### SUPPLIED INFORMATION
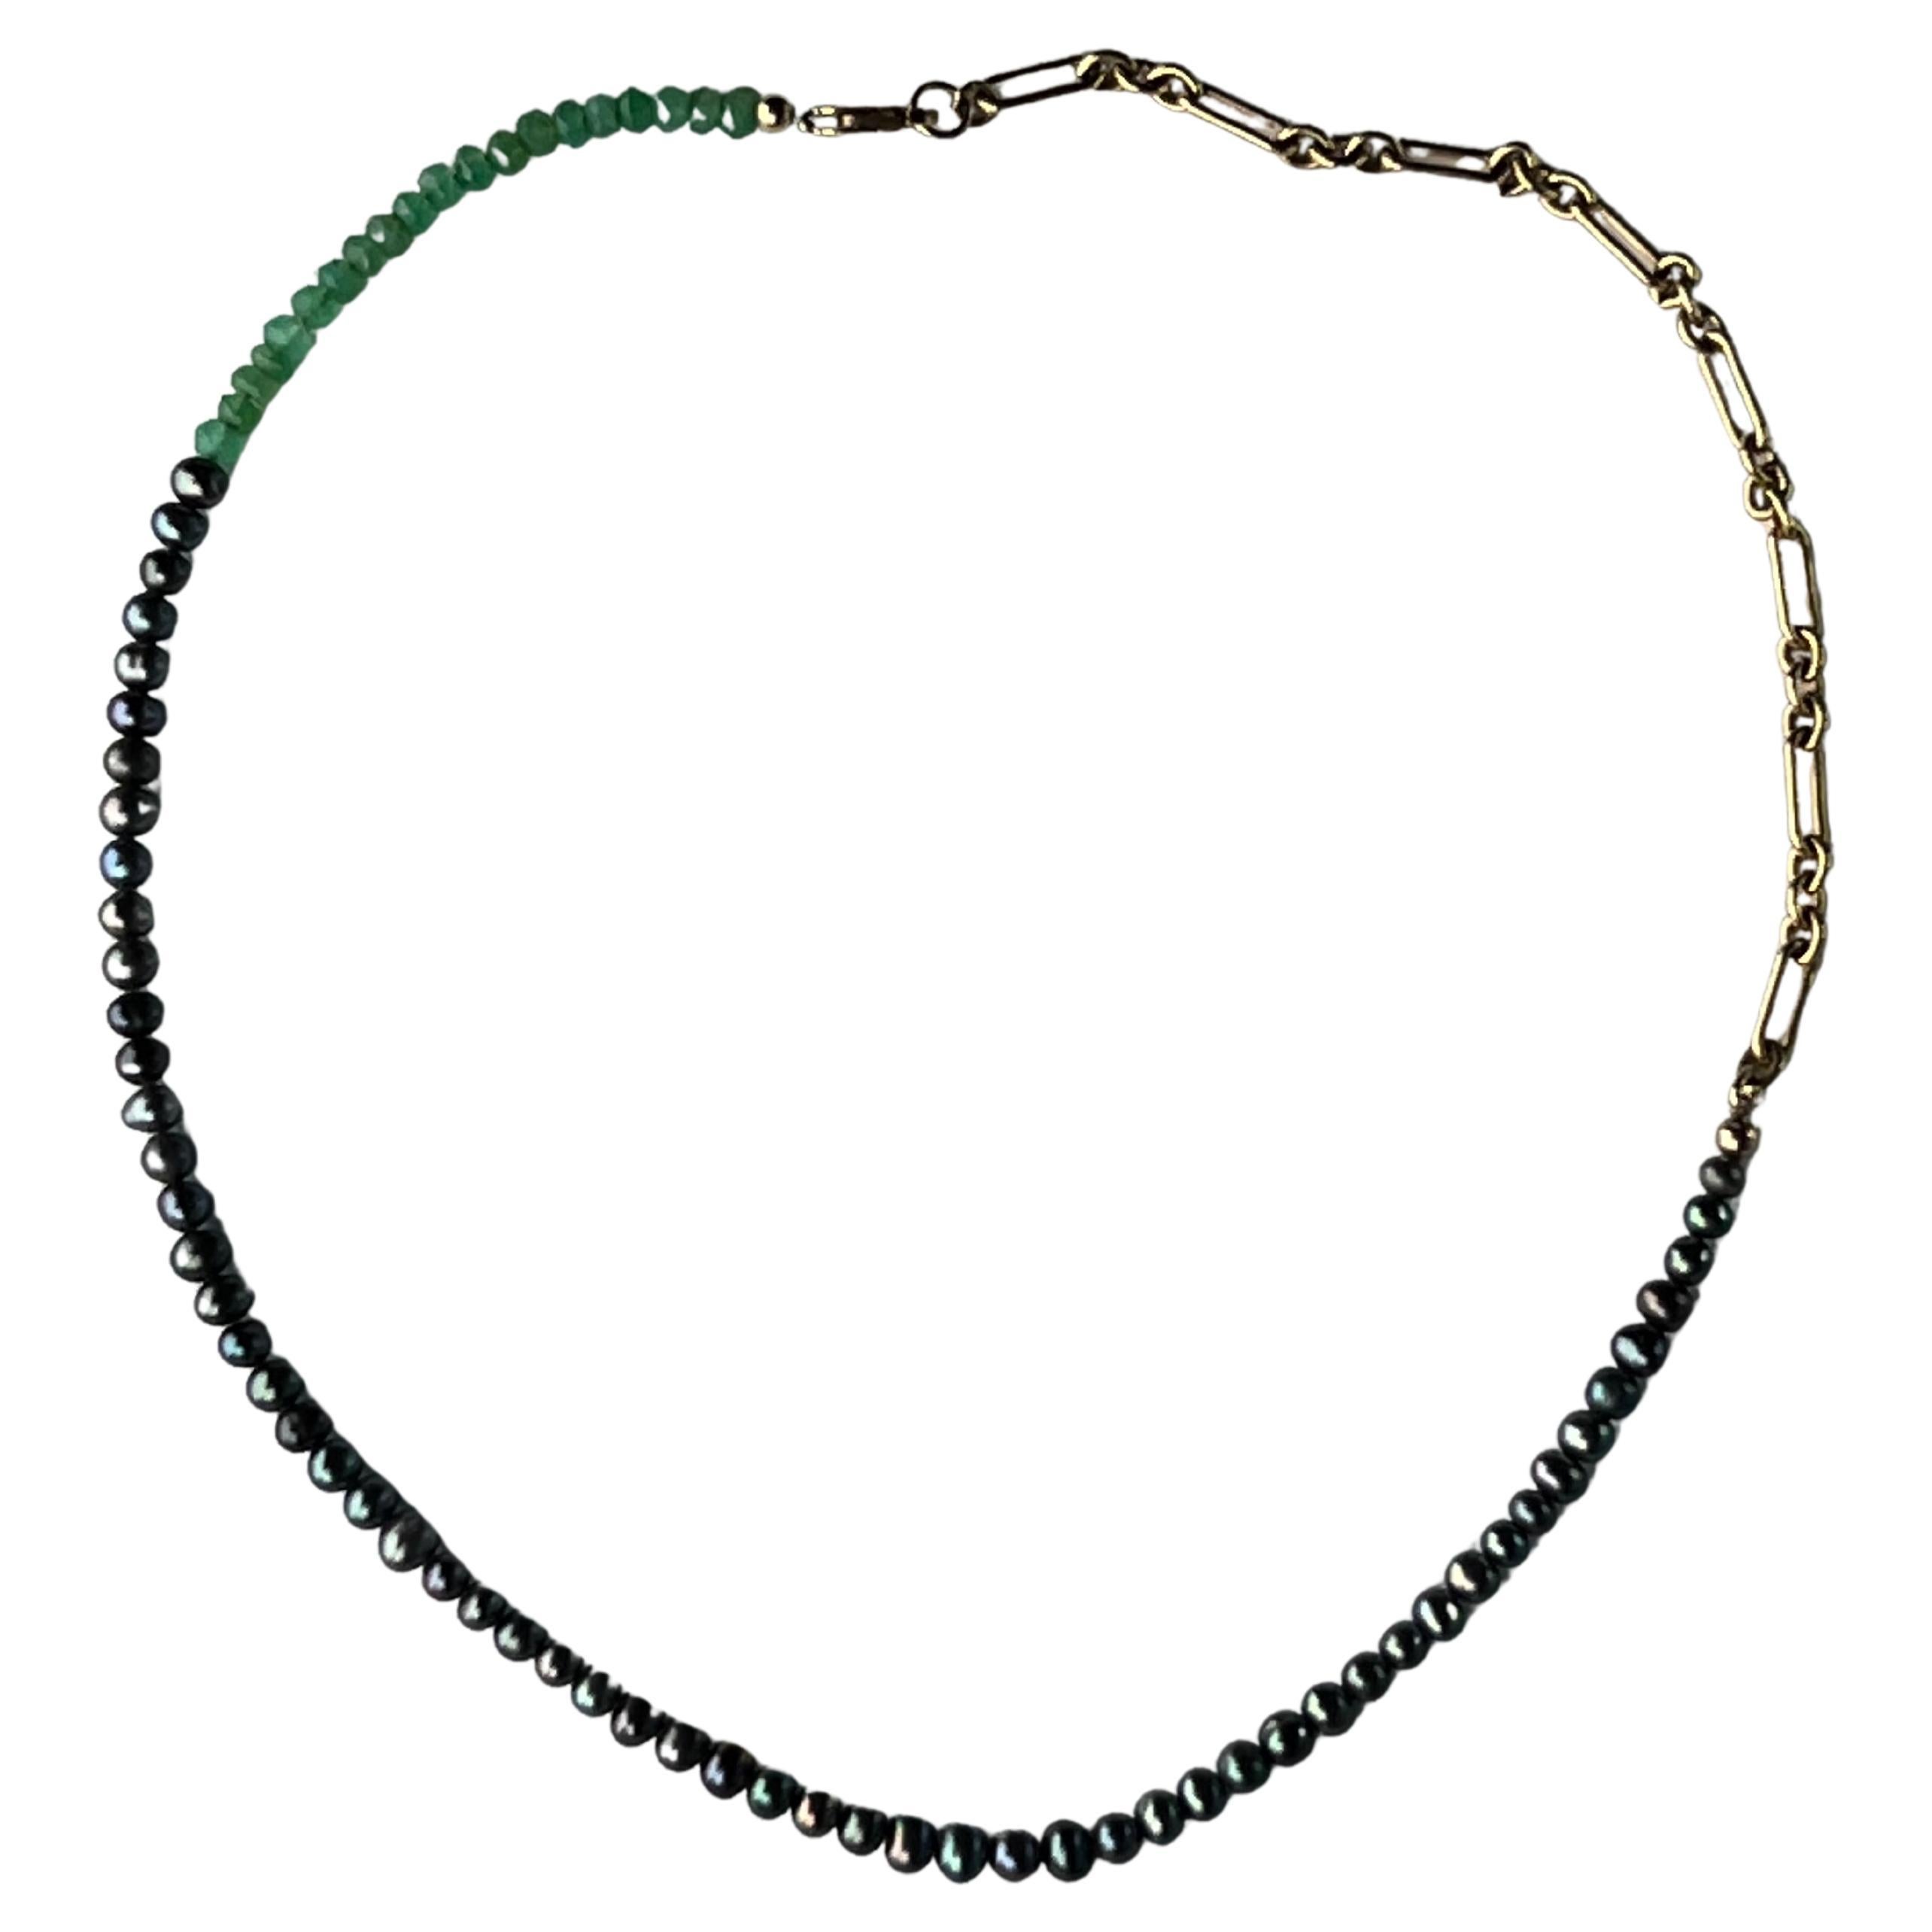 Schwarze Perle Chrysopras Gold gefüllt Kette Choker Halskette 16
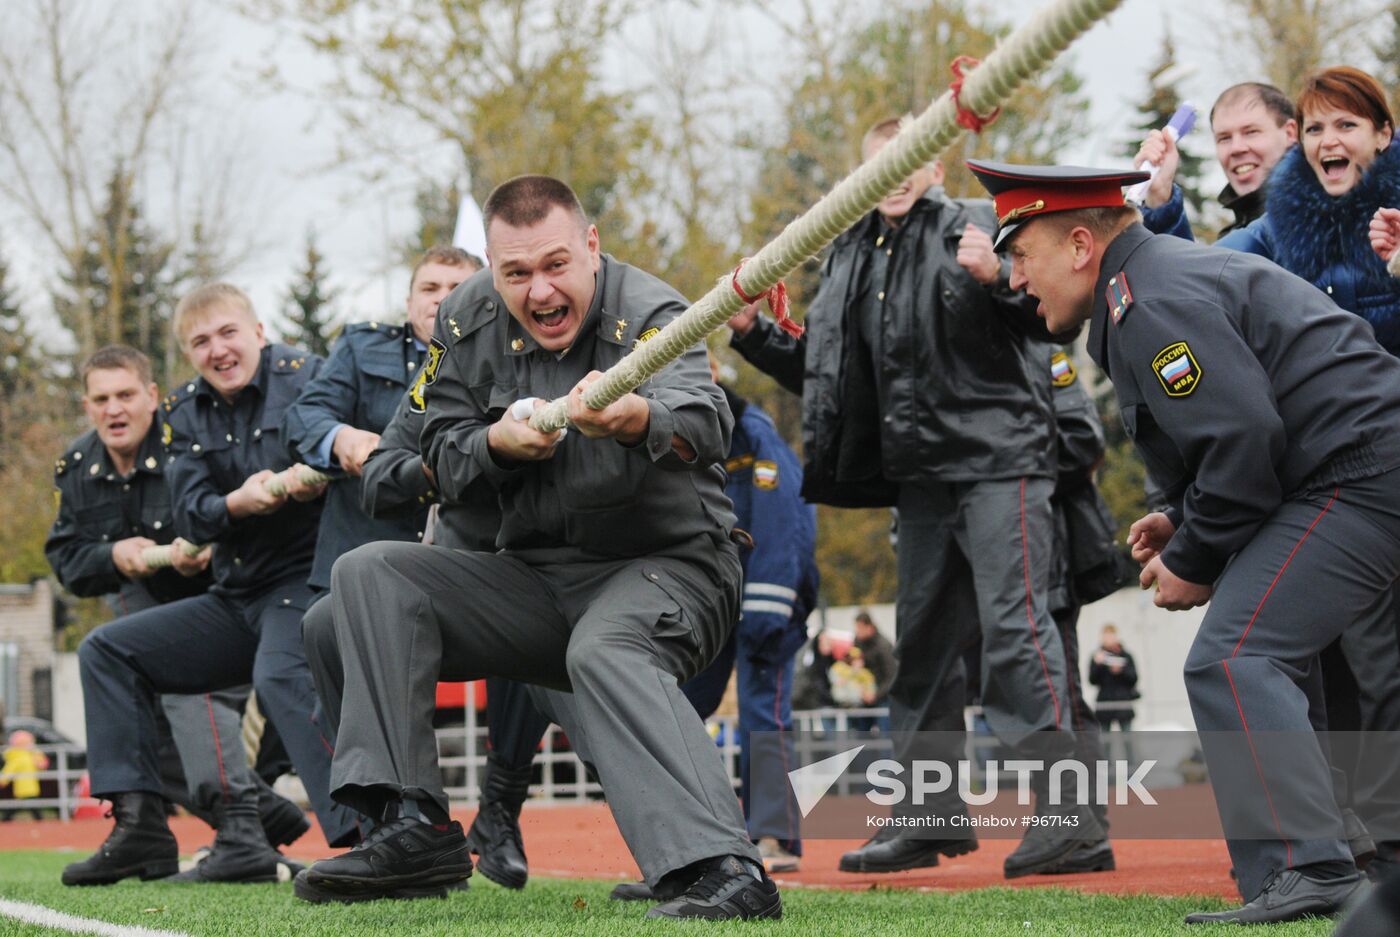 Sports festival staged in Veliky Novgorod
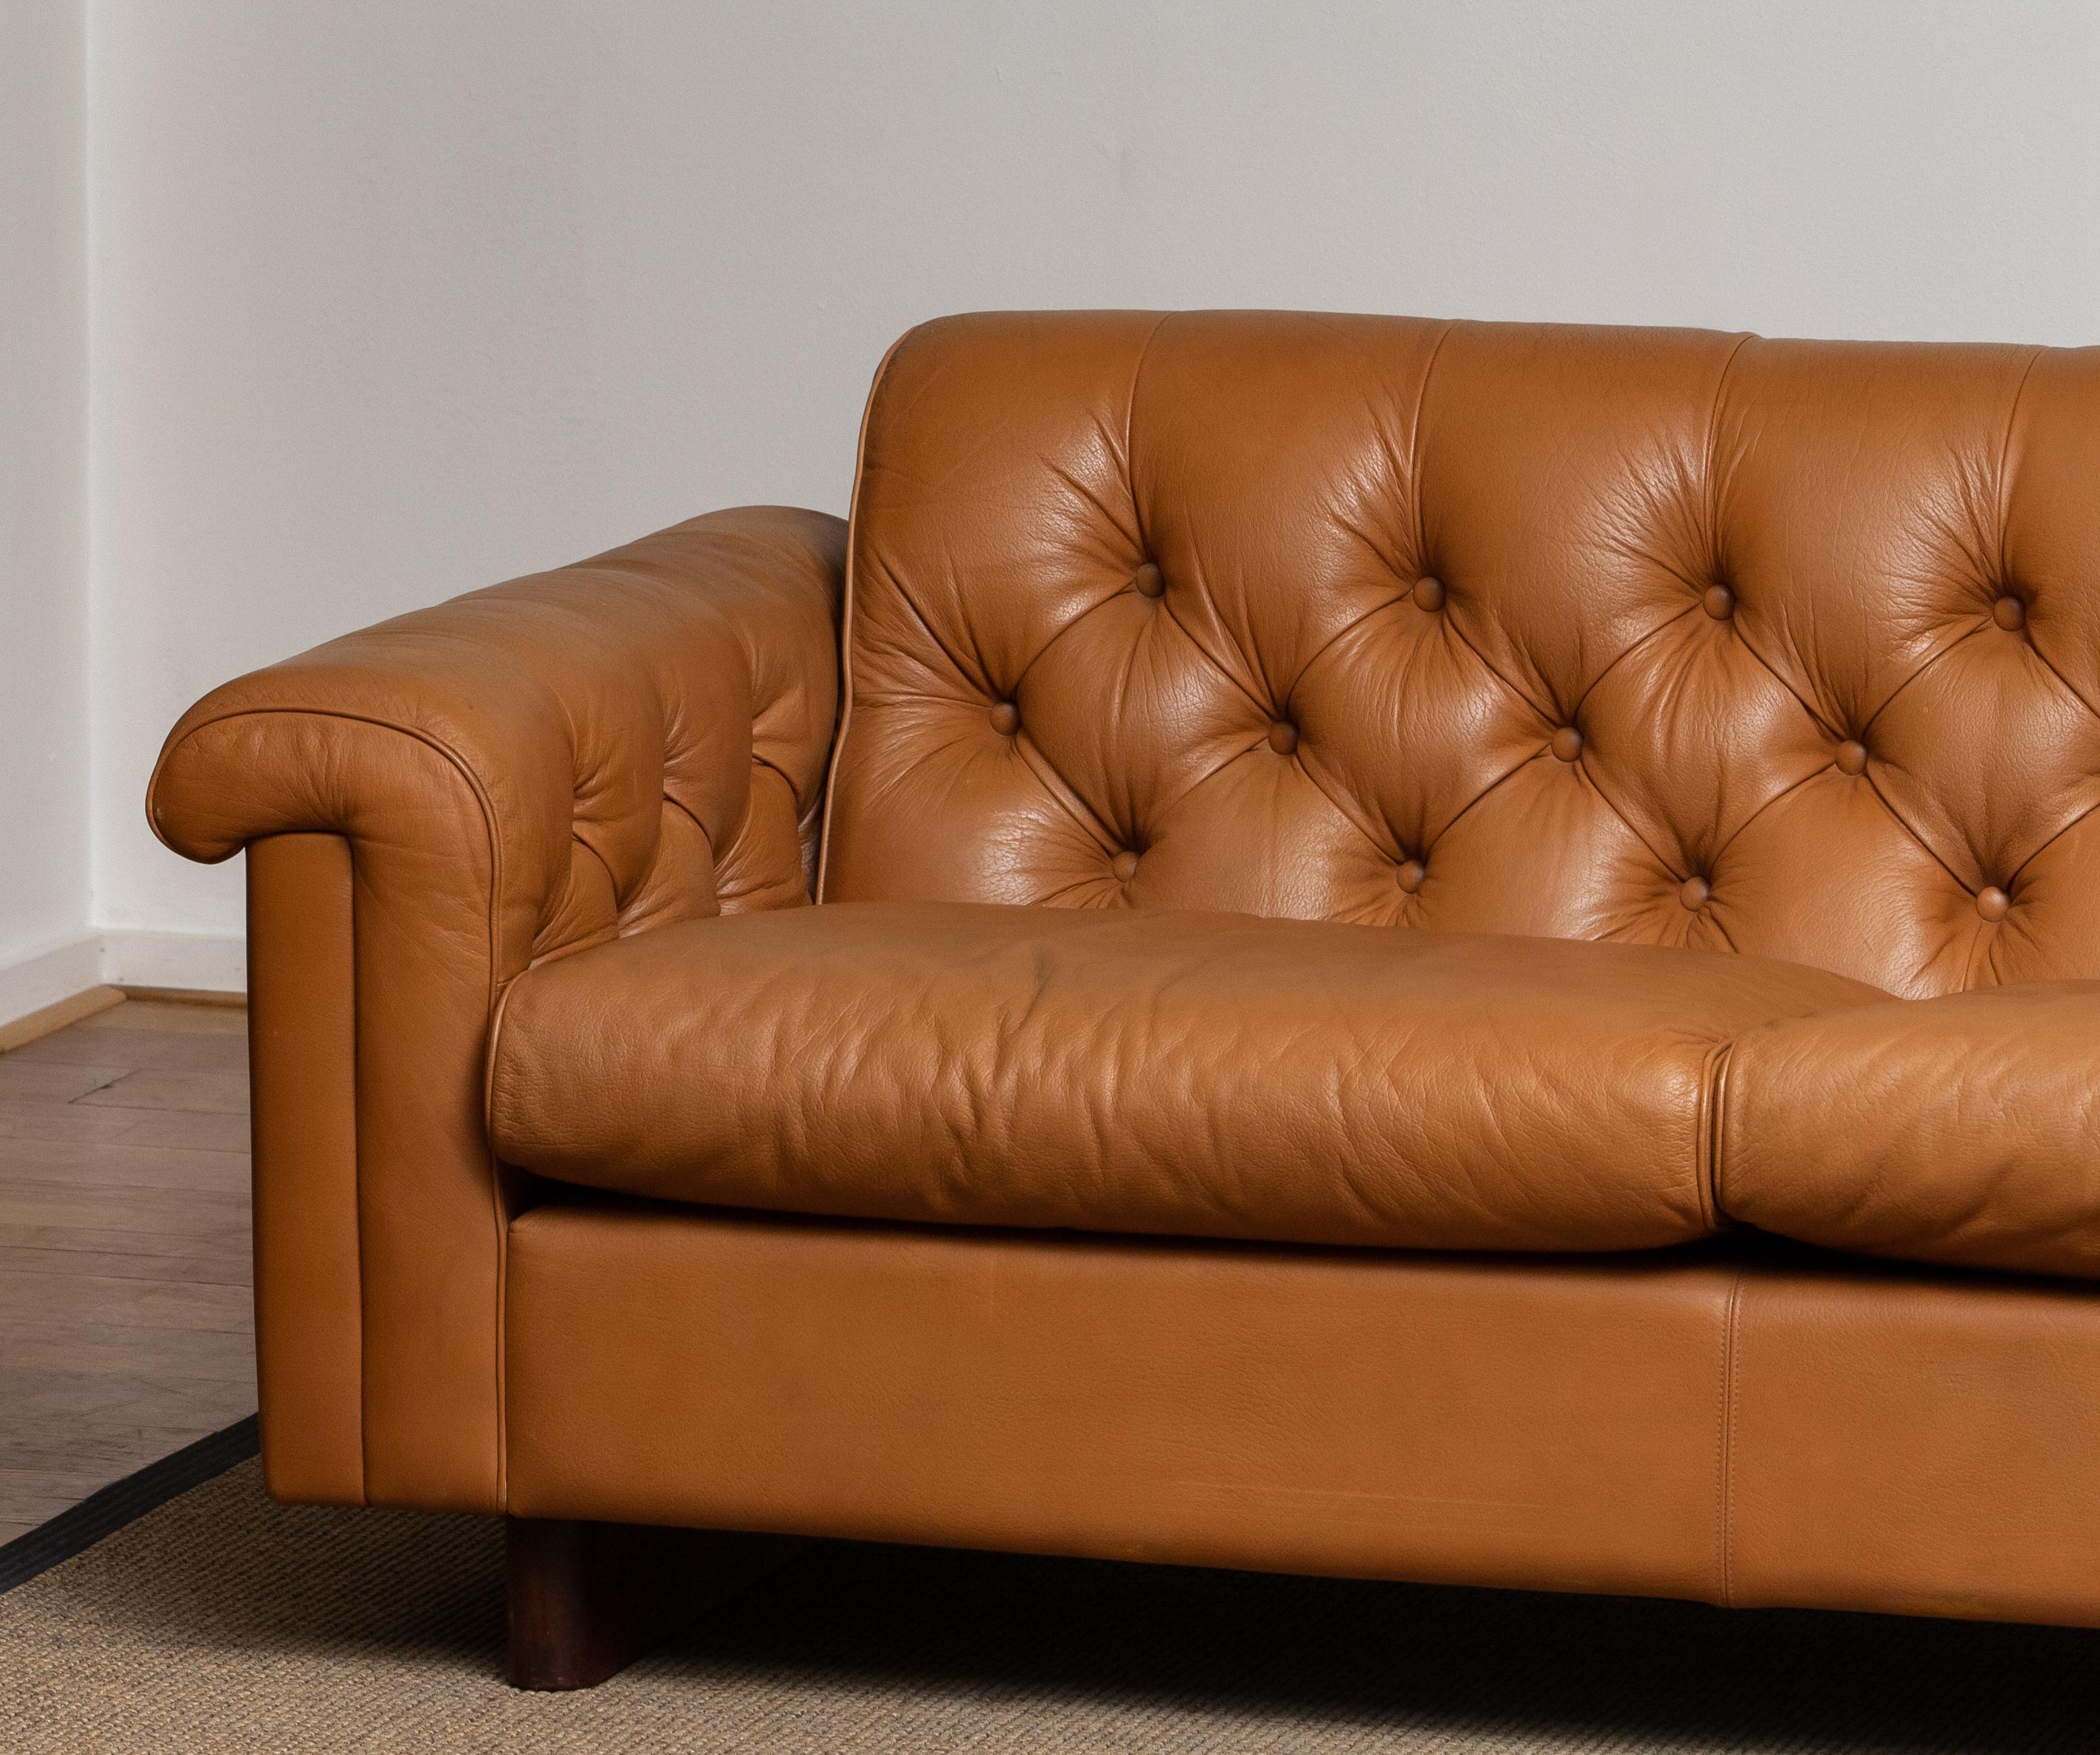 Scandinavian Modern 1970's Sofa by Karl Erik Ekselius for JOC Design in Camel Color Tufted Leather

### TO DO
An exact copy of the data is required, with the pictures excluded.

### TASK OUTPUT
 Schwarze Perle Chrysopras Gold gefüllt Kette Choker Halskette 16
 Sports festival staged in Veliky Novgorod
 Scandinavian Modern 1970's Sofa by Karl Erik Ekselius for JOC Design in Camel Color Tufted Leather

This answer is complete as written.